Abate de gado no Brasil alcança recorde de 42,3 milhões em 2025, impulsionado pela China, IBGE aponta alta de 13,1% e governo avalia cotas para exportação

Crescimento do abate de gado em 2025 reflete forte demanda chinesa, vendas à China subiram quase 45% em janeiro, e medidas de Pequim criam incertezas para o setor

Abate de gado no Brasil avançou com força ao longo de 2025, impulsionado por uma demanda externa concentrada, especialmente da China, e trouxe recordes na produção.
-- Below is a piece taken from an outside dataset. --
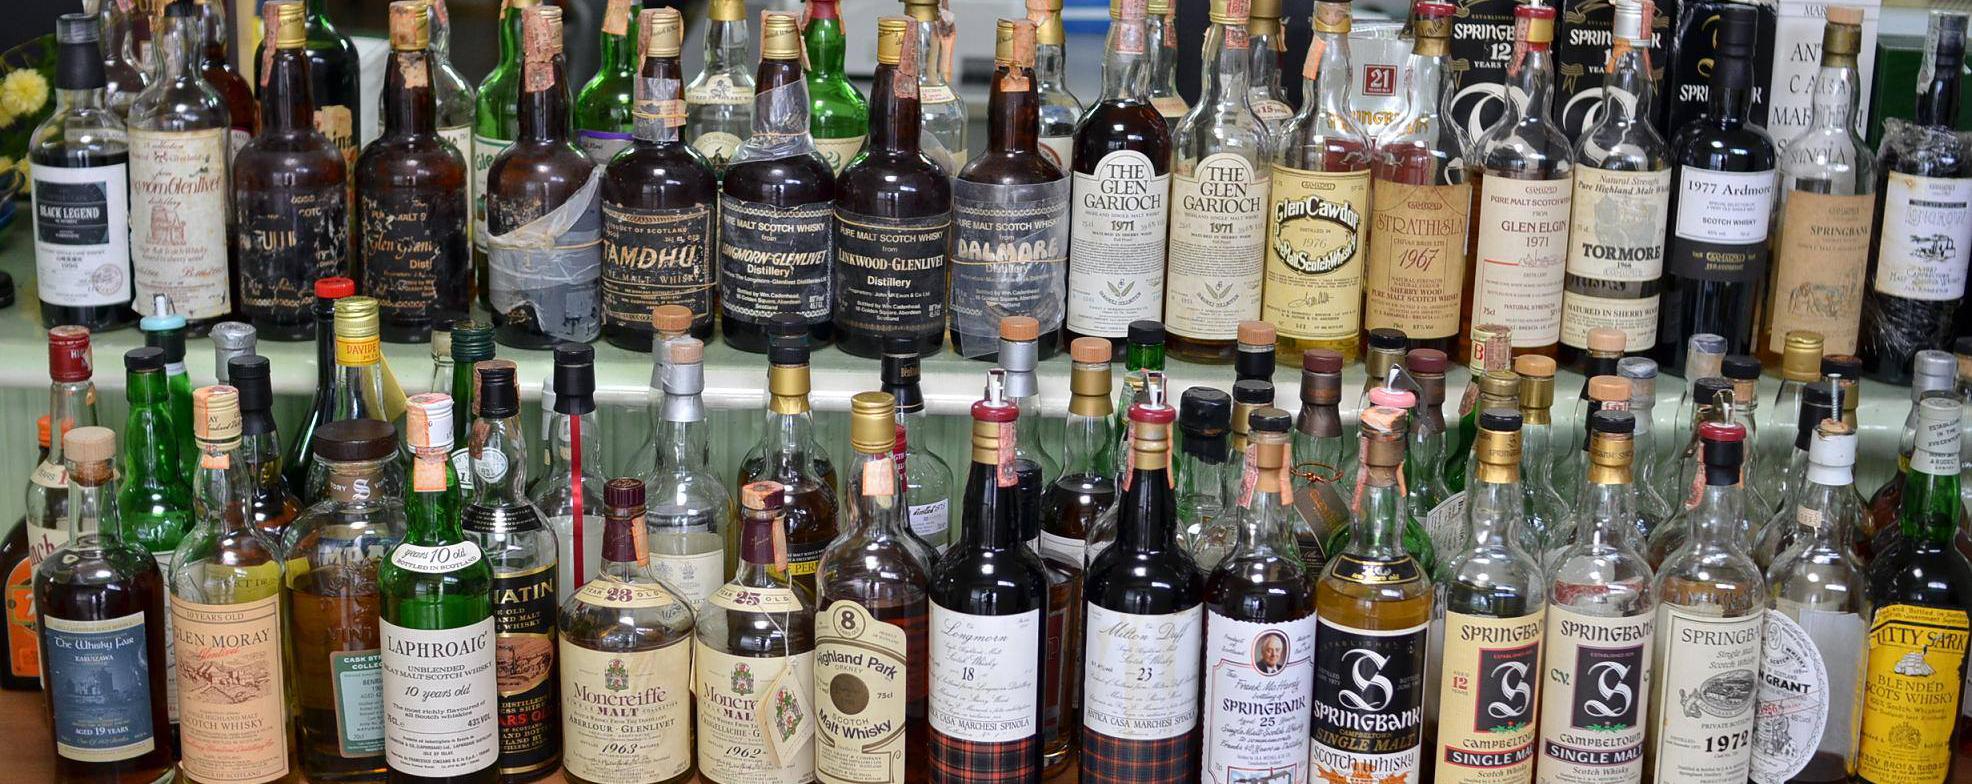 2015年のウイスキー界隈を振り返る ウイスキー資格試験にひそむ危険

O movimento acelerado de processamento elevou o país à liderança mundial da carne bovina, mas também gerou debates sobre a dependência de um único destino e possíveis interferências nas exportações.

No centro das discussões estão as medidas chinesas de cotas e a proposta do governo brasileiro para limitar vendas por empresa, em tentativa de reduzir riscos à cadeia,

conforme informação divulgada pelo g1

Recorde de abates e dados do IBGE

Dados preliminares do IBGE mostram que o abate de gado no Brasil cresceu 13,1% no quarto trimestre de 2025 em relação ao mesmo período do ano anterior.

Se esse aumento for confirmado, o total de abates no Brasil em 2025 chega a 42,3 milhões de cabeças, um recorde. Esse salto acompanha a aceleração das plantas de processamento diante da procura externa.

Impacto das vendas à China e números de exportação

Dados do governo brasileiro indicam que a demanda chinesa permaneceu forte em janeiro, com as vendas para o país asiático alcançando US$ 650 milhões no mês passado, quase 45% a mais do que há um ano.

No total, o Brasil vendeu cerca de 232.000 toneladas métricas de carne bovina fresca para vários destinos em janeiro de 2026, gerando quase US$ 1,3 bilhão em receita. A participação da China no comércio de carne bovina do Brasil foi de aproximadamente metade, em valor e volume.

Cotas chinesas, riscos e resposta do governo

Apesar do aquecimento das vendas, Pequim introduziu limites que podem reduzir o ritmo de embarques sem planejamento, o que preocupa processadores e criadores.

Qualquer coisa que exceda um determinado limite será tributada com uma sobretaxa de 55%. A medida já é vista como um fator capaz de mudar incentivos comerciais de curto prazo.

O governo brasileiro está agora discutindo com o setor um plano para atribuir cotas específicas às empresas, na mesma proporção de suas exportações para a China no ano passado, a fim de regular os suprimentos. Defensores dizem que isso poderia evitar pressão sobre preços do gado e quedas nos valores de exportação.

Críticos, por outro lado, afirmam que a proposta pode representar uma interferência sem precedentes nas exportações de alimentos, ao dividir mercado entre empresas conforme histórico de vendas.

Limites chineses e expectativas para 2026

Pequim isentará 1,106 milhão de toneladas métricas de carne bovina brasileira de tarifas adicionais este ano. Em média, os exportadores locais venderiam cerca de 92.000 toneladas mensais para a China abaixo do limite, em comparação com quase 140.000 toneladas mensais em 2025.

O novo cenário exige que frigoríficos e pecuaristas ajustem programação de produção e destinos, buscando diversificar compradores e mitigar riscos de receitas.

Para o mercado interno, o aumento do abate de gado em 2025 trouxe maior oferta, mas os efeitos sobre preços ao consumidor dependerão da velocidade com que empresas e governo conseguirem redistribuir volumes entre mercados alternativos.